NCenH3CID-BubR1 interaction appears to be regulated during cell-cycle progression, as no ectopic αBubR1 signals are detected on polytene chromosomes, which constitute a special type of interphase chromatin, or in interphase nuclei from larval neuroblasts (Figure 7), indicating that, like at the kinetochore, ectopic recruitment of BubR1 by NCenH3CID is constrained to mitosis. In contrast, our results show that NCenH3CID-mediated silencing of the white-reporter depends on BubR1, indicating that BubR1 is required to repress reporter expression at interphase. BubR1 recruitment at mitosis might stabilise binding of factor(s) required for repression at interphase. It is also possible that BubR1 facilitates chromatin modification, as recent results show that Bub1, a closely related SAC-kinase that plays partially redundant functions, regulates H2AS121-phosphorylation in fission yeast, which lacks BubR1 [33].
In addition to the B3 R-rich motif, Drosophila NCenH3CID contains two other evolutionarily conserved regions (motives B1 and B2) (Figure 4A), which might also mediate centromere/kinetochore interactions. Support for this hypothesis comes from the observation that constructs containing only motif B1 or B2 retain some silencing competence (Figure S3D and S3E). However, in comparison to motif B3, the contribution of motives B1 and B2 to silencing is only minor, as by themselves induce much weaker silencing (Figure S3D and S3E), and their deletion does not significantly affect silencing (Figure S3B and S3C, and Figure 4C). Whether silencing induced by motives B1 and B2 also reflects interaction with kinetochore proteins remains, however, to be determined.

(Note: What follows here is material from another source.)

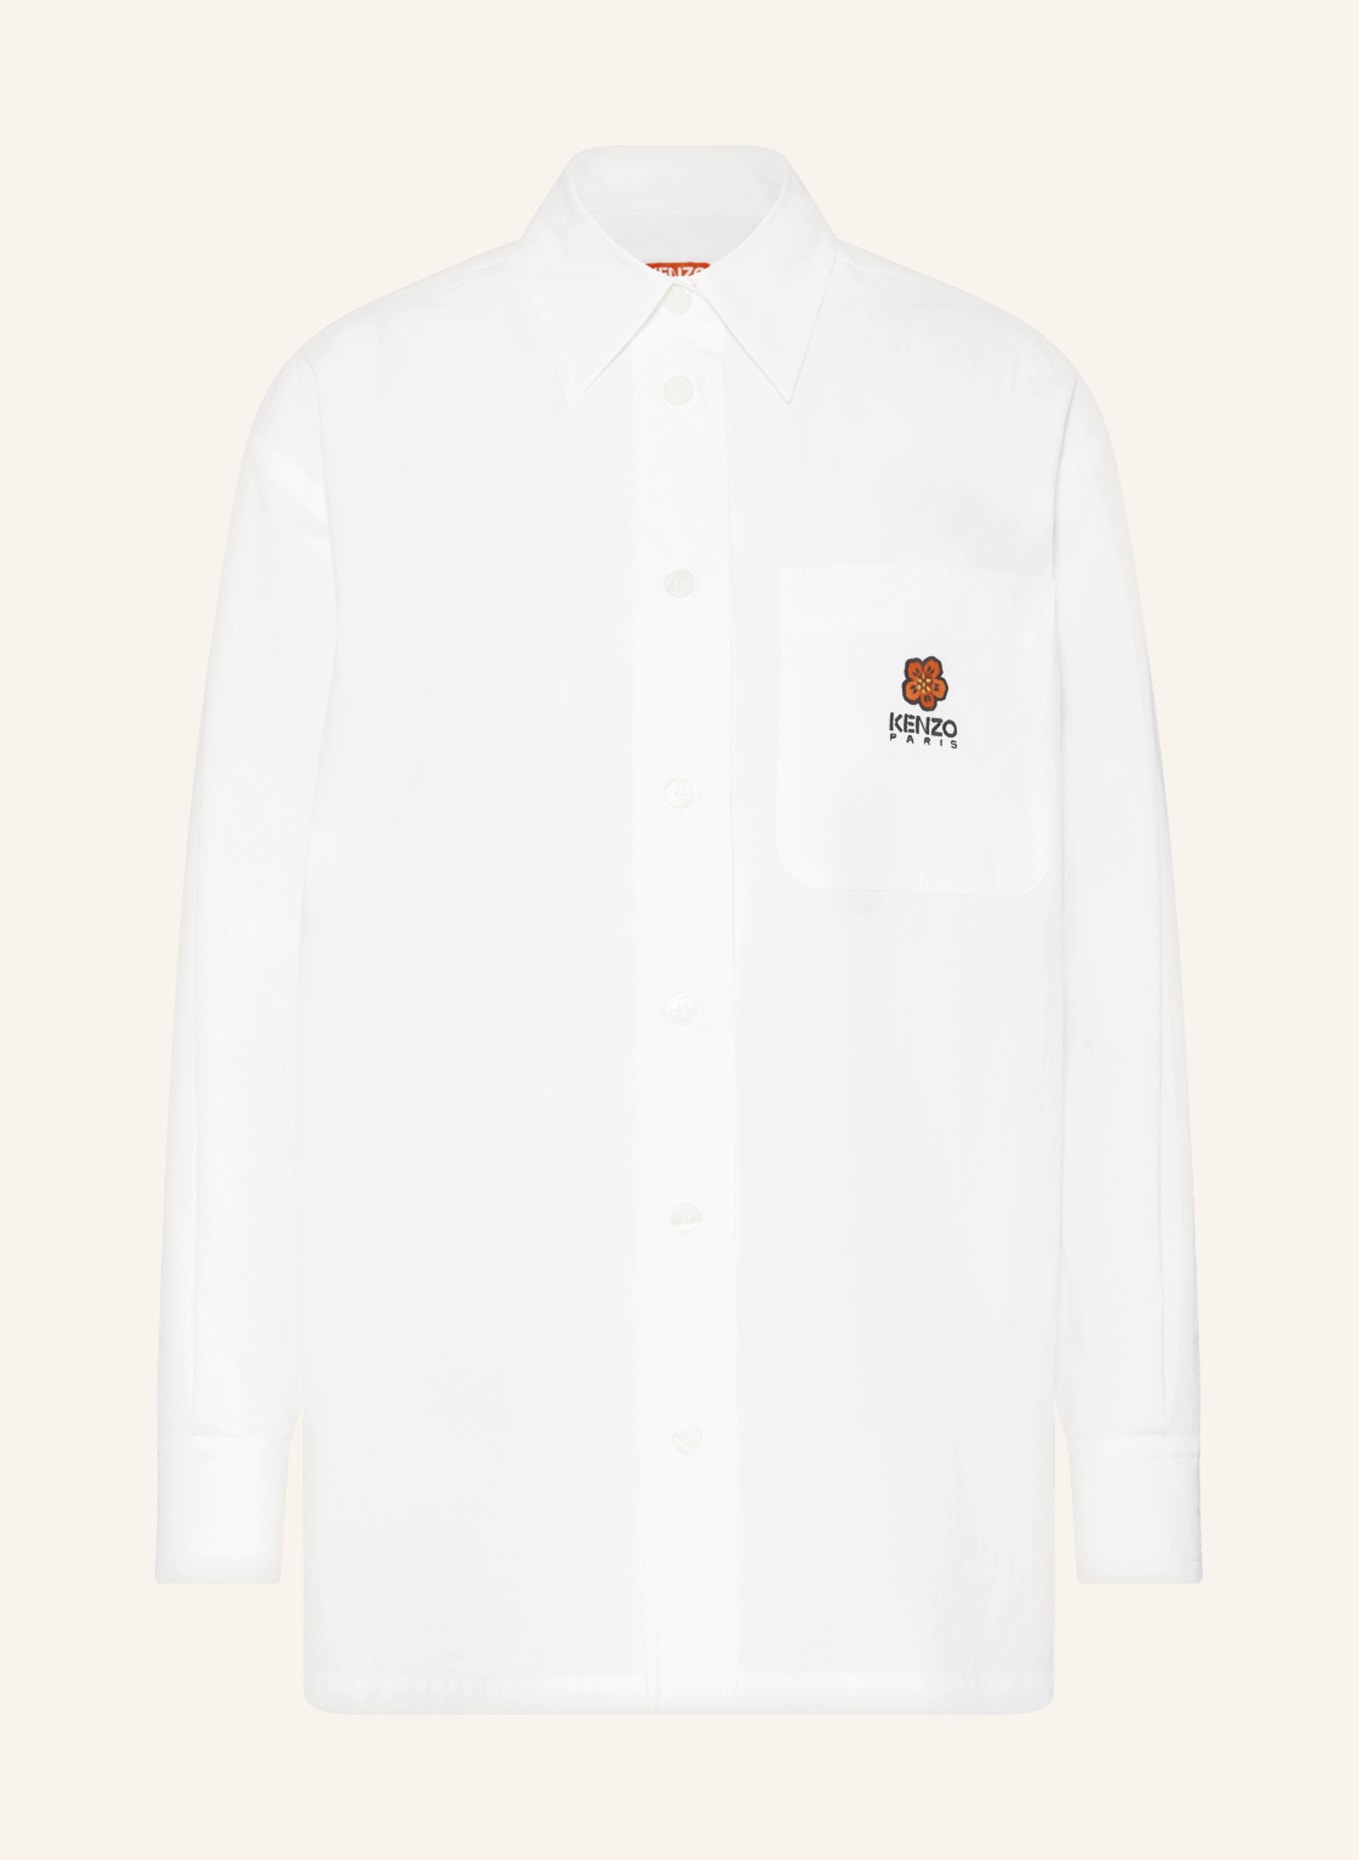 KENZO Oversized shirt blouse, Color: WHITE (Image 1)

Altogether, these observations favour the hypothesis that some kinetochore proteins bind CenH3-chromatin through the recognition of specific sequence motives within the hypervariable NCenH3 domain, unveiling its essential contribution to CenH3 functionality. Results obtained in S. cerevisiae support this hypothesis, as NCenH3Cse4 is essential for viability and, moreover, interacts genetically with components of COMA, a kinetochore complex that is functionally related to CCAN and mediates protein-protein interactions with other centromere/kinetochore proteins, including the essential CBF3 complex [34], [35].
Materials and Methods
Fly stocks
For targeting experiments, CenH3CID, NCenH3CID, NH3, NCenH3Cse4 and NCenH3CenpA were fused at N-terminus of the lacI-DNA-binding domain (see Figure S4 for a description of the constructs), using plasmid lacIST-Topo-TA and cloned into pNHT4 plasmid [36], where expression is driven by the hsp70-promoter. For deletion-analyses, NCenH3CID-lacIST-Topo-TA was used as template and the various deletions cloned to vector pNHT4 (Figure S4). Transgenic lines were generated in +;+/+;ry506/ry506 flies by standard procedures. All constructs were tested for expression and their ability to target the reporter construct determined in polytene chromosomes (Figure S5). bubR1rev1 and bubR1D1326N mutants are described elsewhere [20], [21]. Lines S9.2 or 157.1 are also described elsewhere [18].
Tethering experiments
For tethering experiments, heterozygous flies carrying the indicated lacI-constructs were crossed to homozygous S9.2 or 157.1 reporter flies. Crosses were, then, subjected to daily heat-shock treatment for 45 min at 37°C and the eye phenotype of flies expressing the corresponding lacI-fused protein compared to that of siblings, of the same sex and age, expressing no fused protein. For each lacI-construct, at least four independent lines were analysed. When silencing induced by NCenH3CID-lacI was analysed in bubR1rev1 and bubR1D1326N mutant backgrounds, heterozygous NCenH3CID-lacI/+ males were crossed to bubR1rev1/+ or bubR1D1326N/+ reporter S9.2 females. When silencing was analysed in trans-heterozygous bubR1rev1/bubR1D1326N flies, bubR1D1326N/+ reporter S9.2 females were crossed to bubR1rev1/+ males carrying NCenH3CID-lacI. For quantitative analyses, eye pigment was extracted with 30% acid-ethanol (pH = 2) according to [37] and OD480 determined in a Nanodrop 1000/3.7. Extraction was performed from 20 heads obtained from male individuals. Relative fold silencing was then expressed as the ratio between OD480 of control S9.2 line expressing no fused protein and that of lines expressing the corresponding constructs.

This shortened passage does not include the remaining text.